How to complete this task: Leave out the pictures and output exactly the lines below from the one with "Auckland Saucer Erfaren" down to the one with "Pinocho contra Chapete", both of them included.

Dataset entries:
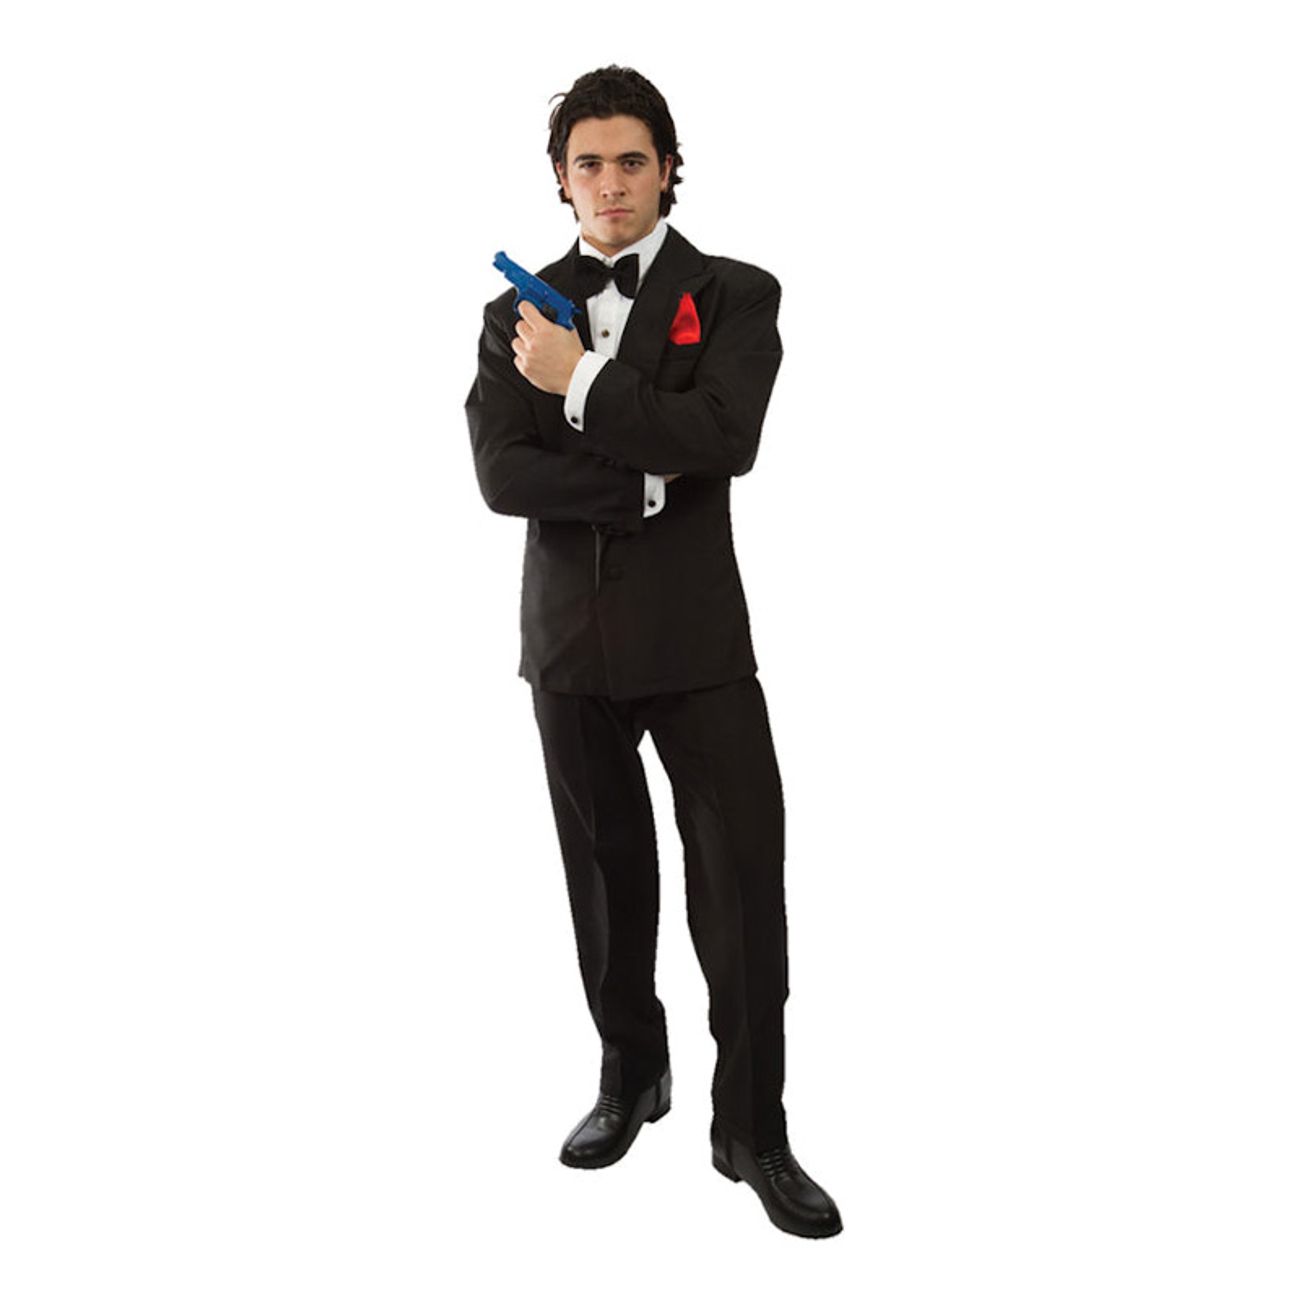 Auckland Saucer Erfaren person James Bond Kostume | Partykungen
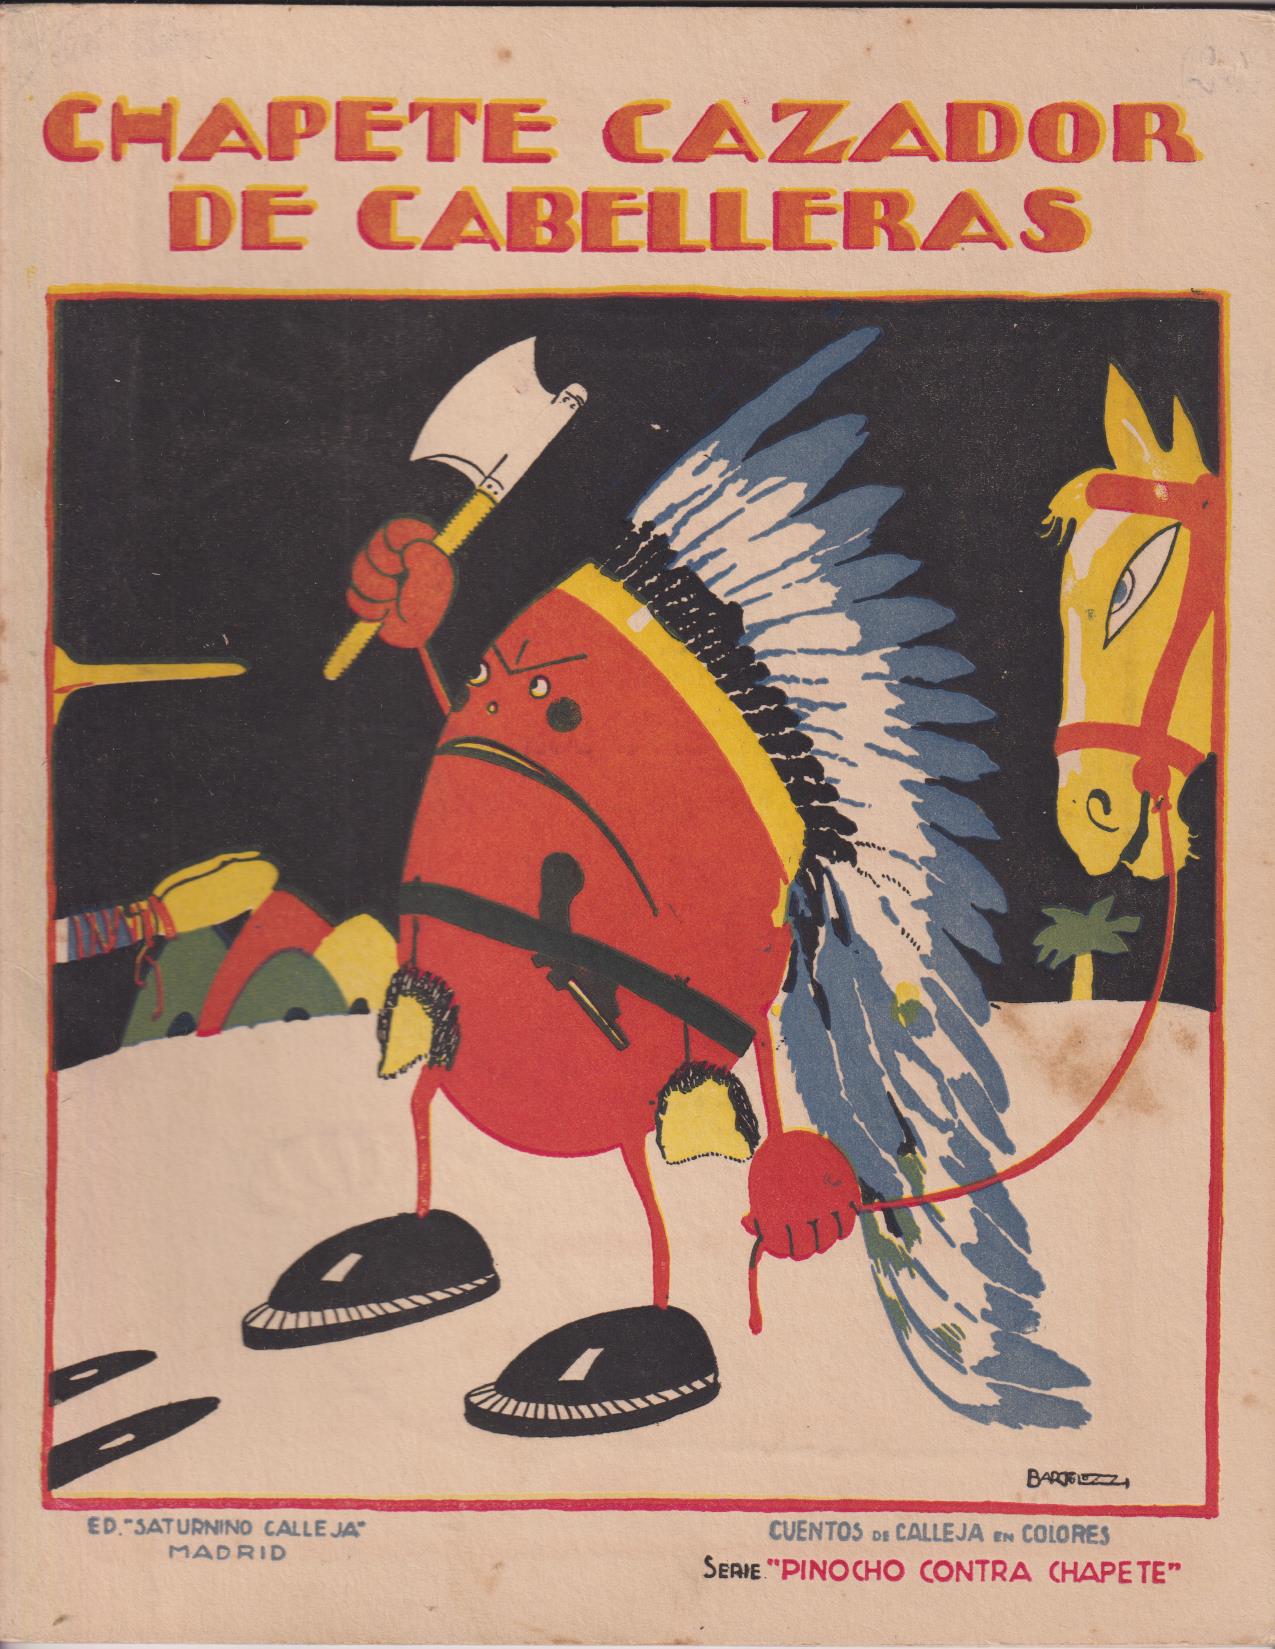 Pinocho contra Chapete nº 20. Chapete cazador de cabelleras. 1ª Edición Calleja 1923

==

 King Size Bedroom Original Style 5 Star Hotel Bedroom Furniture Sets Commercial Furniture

---

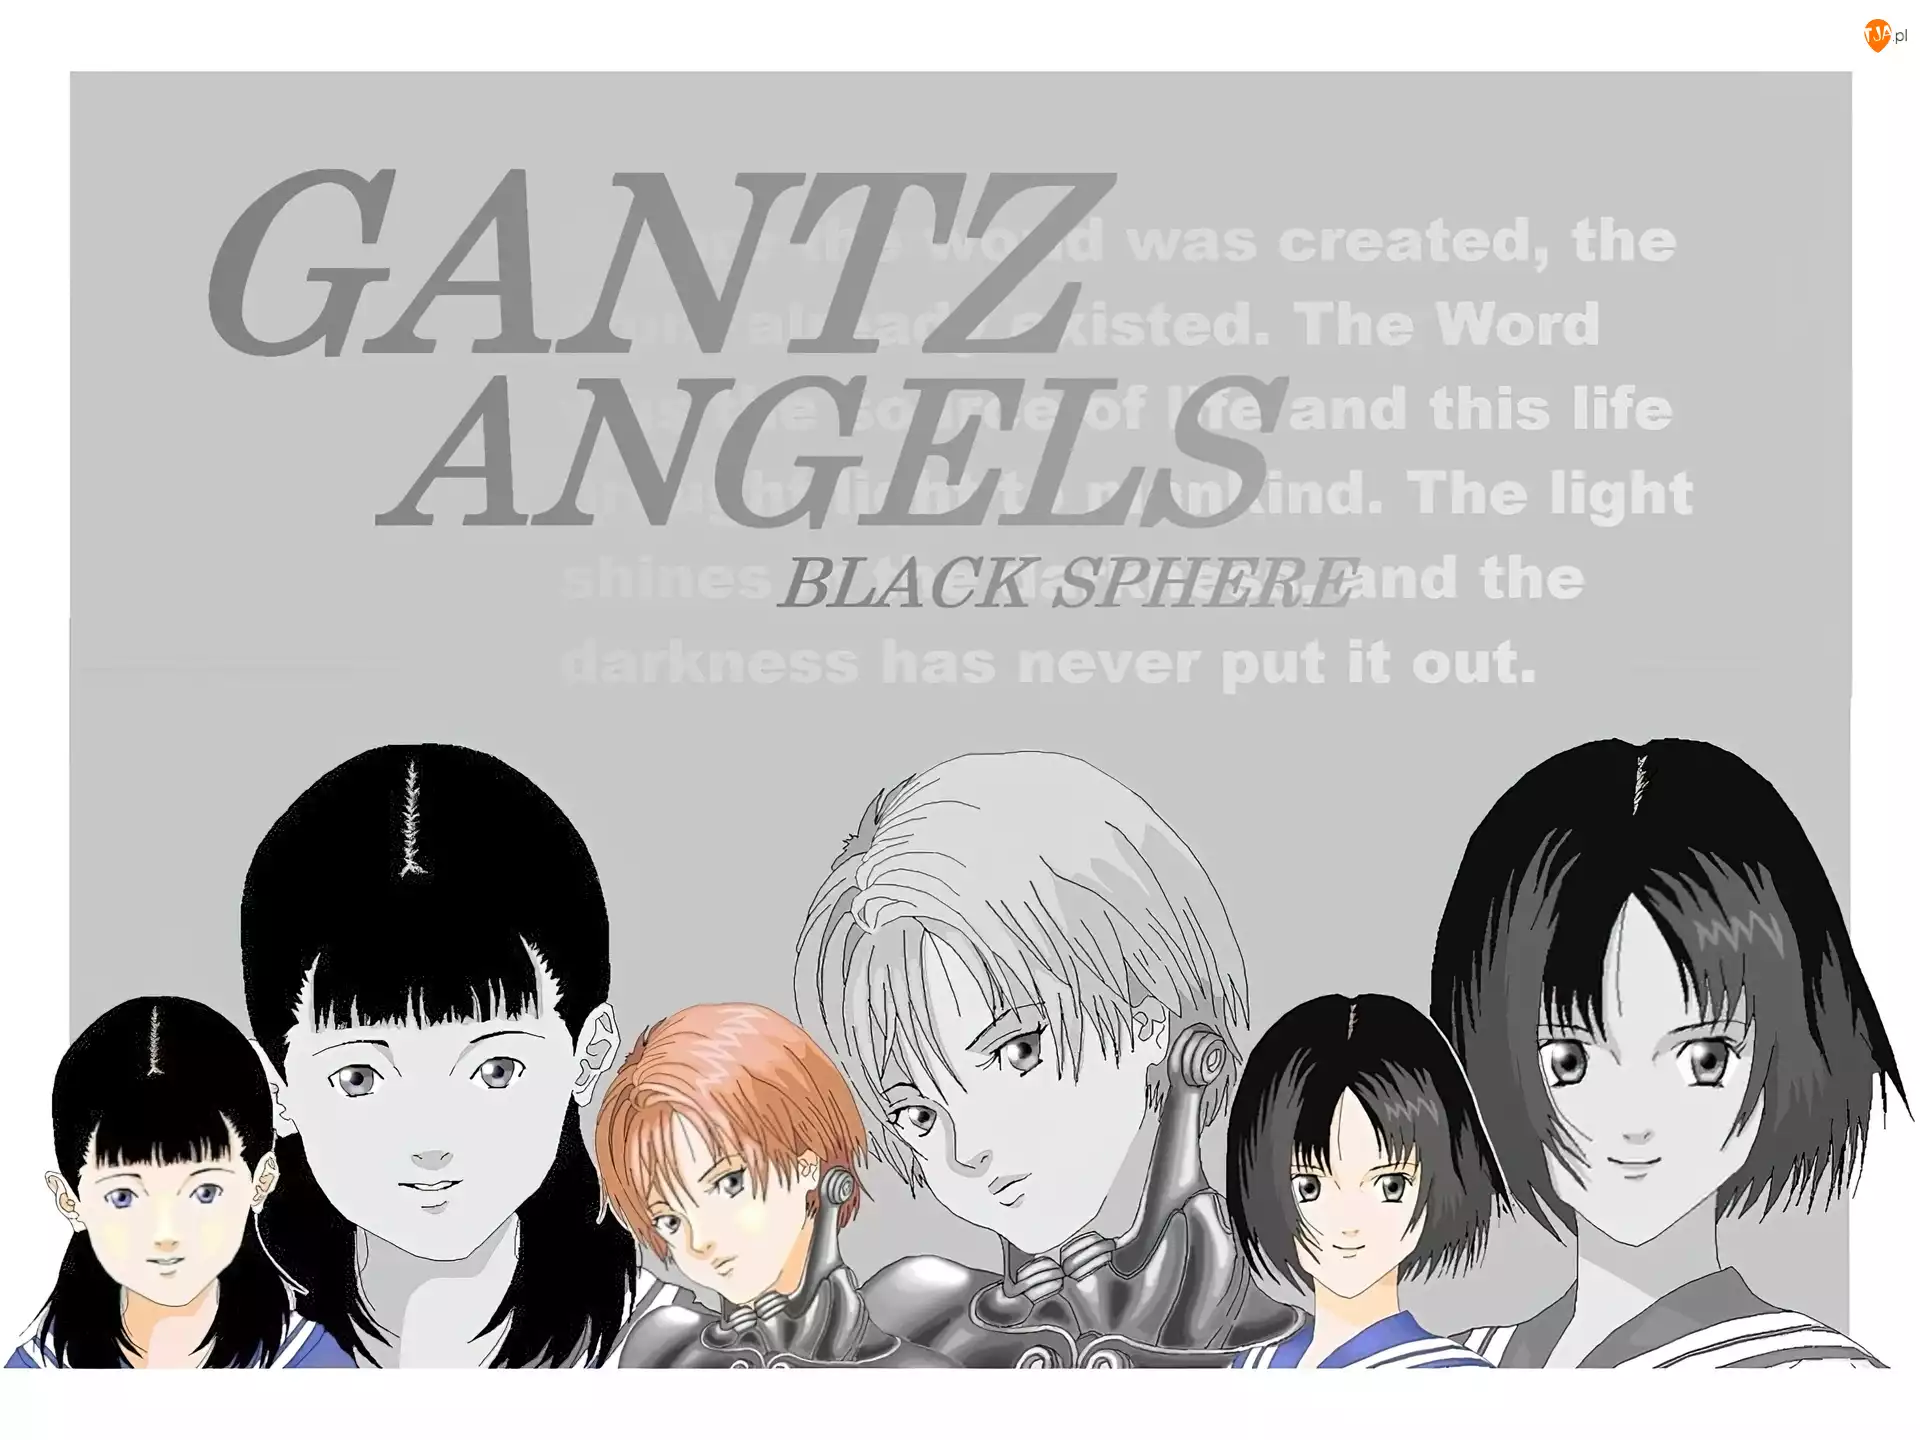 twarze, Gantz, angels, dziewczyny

Your response:
 Auckland Saucer Erfaren person James Bond Kostume | Partykungen
 Pinocho contra Chapete nº 20. Chapete cazador de cabelleras. 1ª Edición Calleja 1923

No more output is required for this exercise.